For the pork: Preheat the oven to 375 degrees F. Pull the pork loin out of the refrigerator 30 minutes before cooking.
In a small bowl, mix together the cocoa powder, coffee, salt, paprika and cinnamon. Season the pork well with the mixture, rubbing it in on all sides.
Heat a large skillet over medium heat. Add the oil and heat an additional 30 seconds. Add the pork and sear on all sides until deep golden brown, about 6 minutes. Remove the pork to a rimmed baking sheet, transfer to the oven and cook until the internal temperature reaches 135 degrees F on an instant-read thermometer, about 40 minutes. Allow to rest for 15 minutes.

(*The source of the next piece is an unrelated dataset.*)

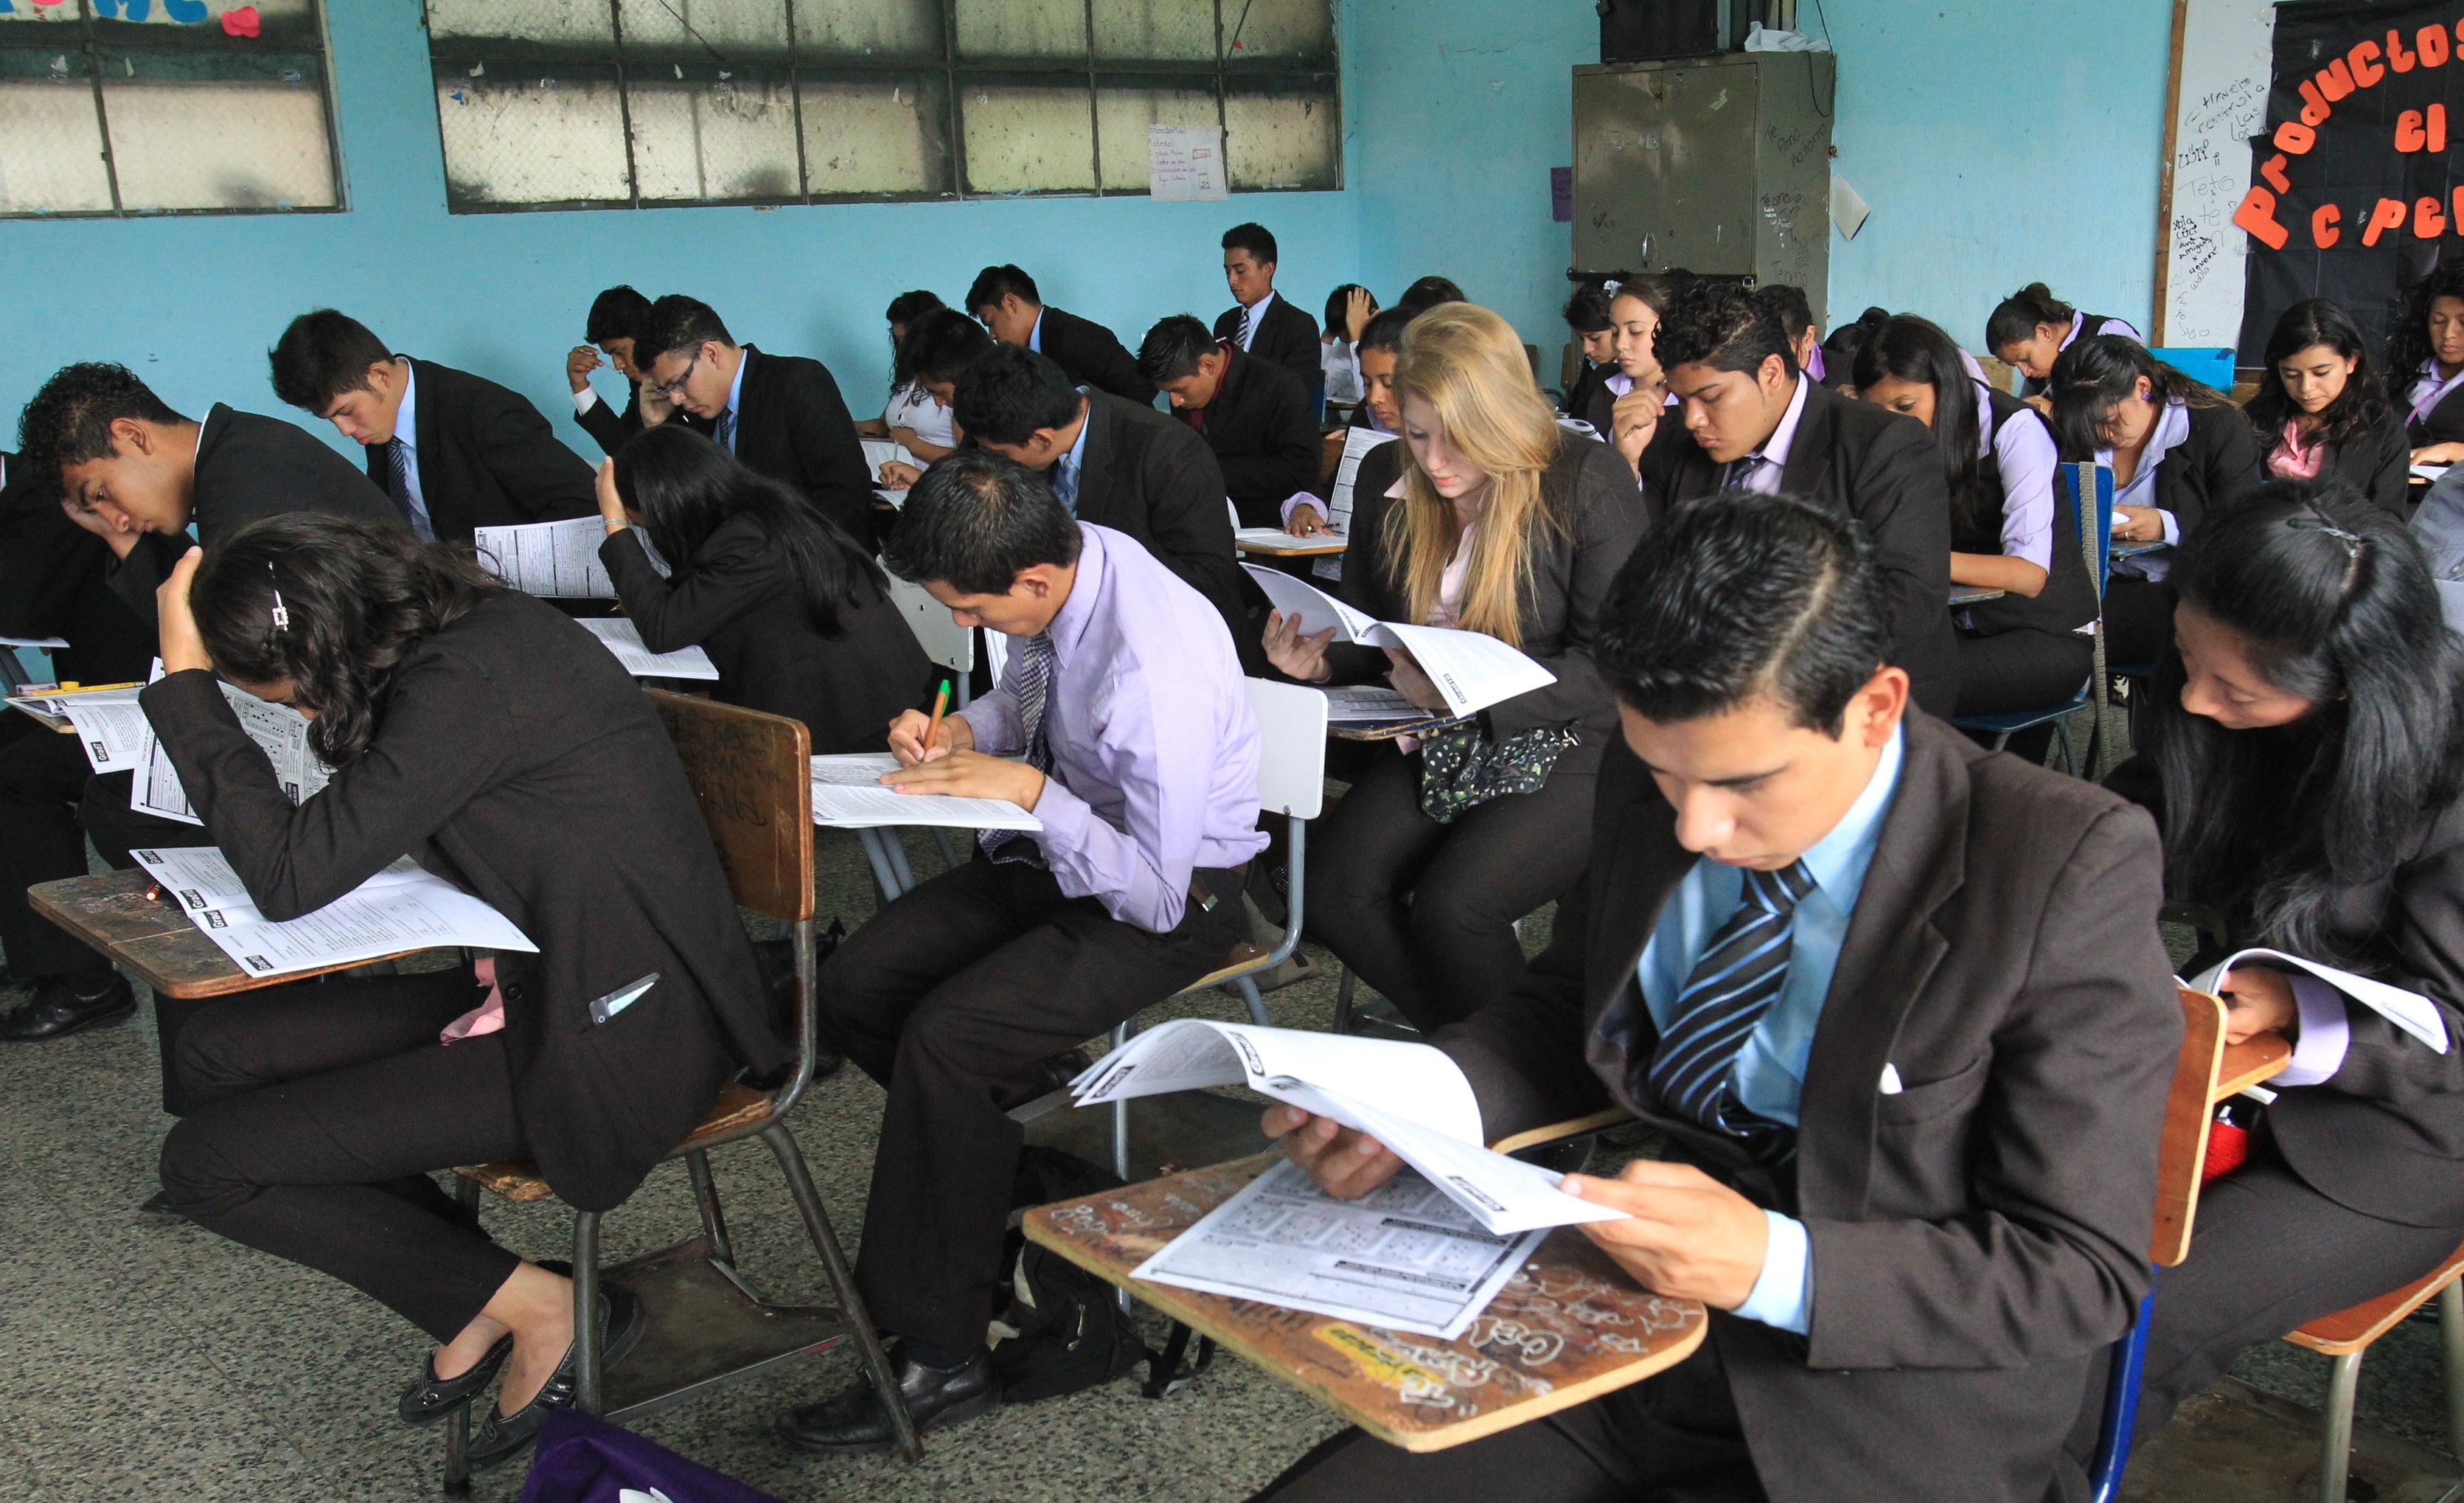 Pruebas a los graduandos de Guatemala.  (Foto Prensa Libre: Hemeroteca PL)

For the benedict: Meanwhile, add the bacon to the skillet that the pork was cooked in and cook over medium heat until the bacon is crispy and the fat is rendered, about 4 minutes. Whisk in the flour until smooth and cook for a minute. Slowly add the coffee and chicken broth, whisking constantly so that no lumps form. Bring to a simmer and cook for 5 minutes. Whisk in the salt and 2 tablespoons of the butter to emulsify. Remove from the heat and keep warm.

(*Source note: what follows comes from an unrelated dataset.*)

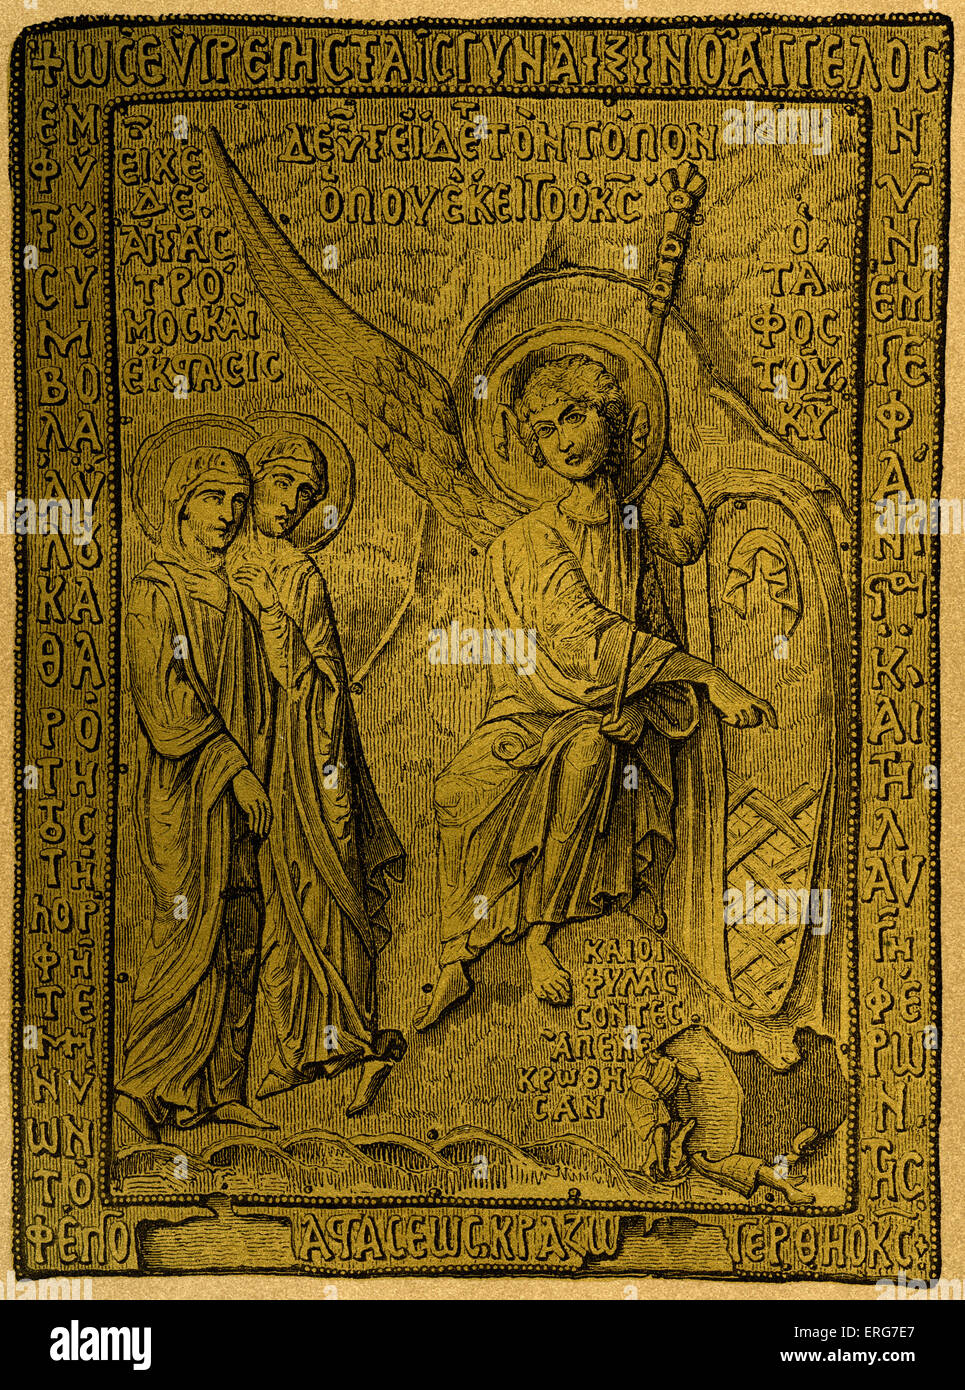 Bord de la couverture du livre du 9e siècle. Avec l'écriture grecque. Bas - relief en réponse de l'or. Banque D'Images

Heat a medium nonstick skillet over medium heat. Add 1 tablespoon butter and swirl to coat the bottom of the skillet. Break 2 eggs into the skillet and cook until the whites are just set, about 4 minutes. To assist in setting the whites, spoon some of the melted butter over the whites, avoiding the yolk so it stays runny. Remove to a baking sheet lined with parchment paper and continue with the remaining butter and eggs.

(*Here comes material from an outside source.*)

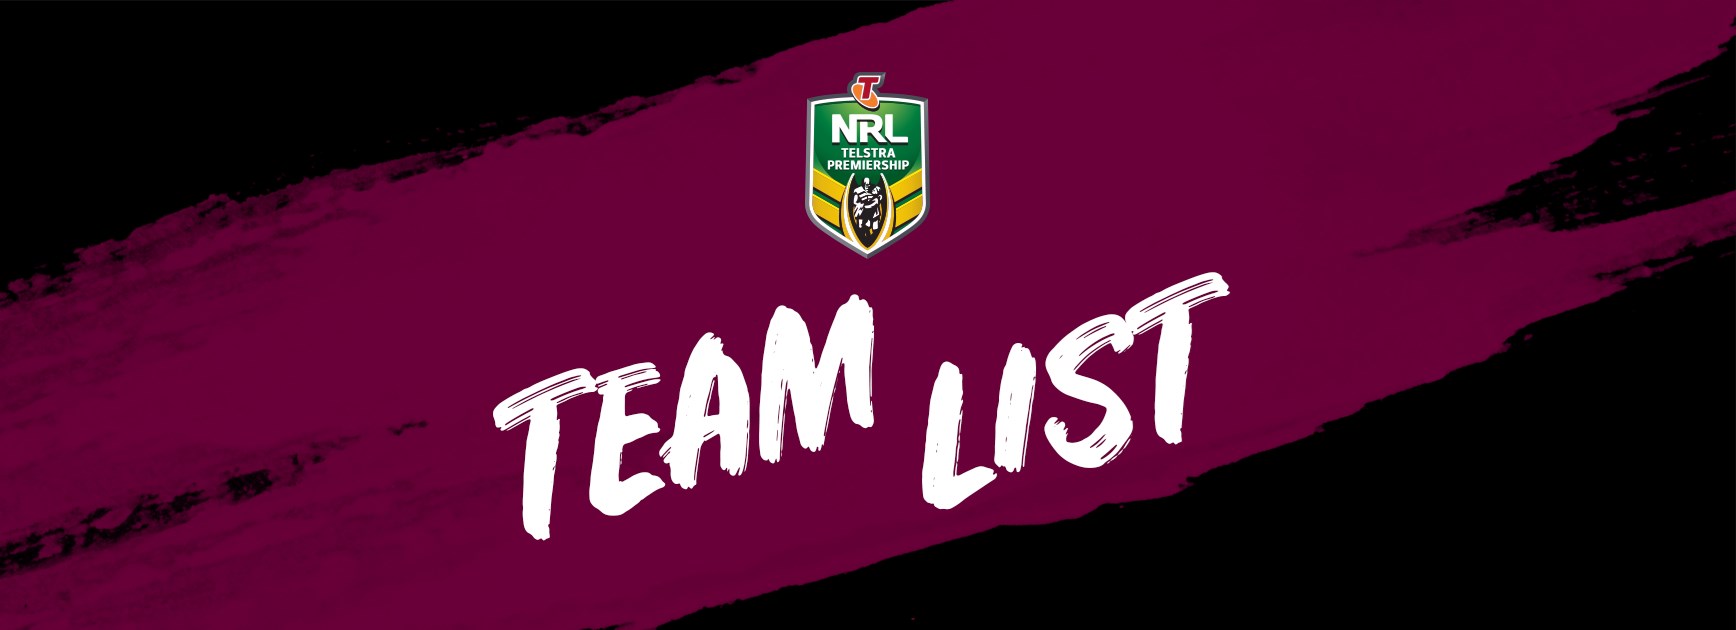 NRL Team List - Round 15

To assemble, place 1/4 cup arugula on each English muffin half. Thinly slice the pork and place 1 to 2 pieces on each muffin half. Spoon some of the gravy over the pork and top each muffin half with a fried egg. Serve warm.
To make sure the eggs are warm for serving, place the baking sheet with all the eggs in a the oven at 250 degrees F for 2 to 3 minutes. Continue with the assembly.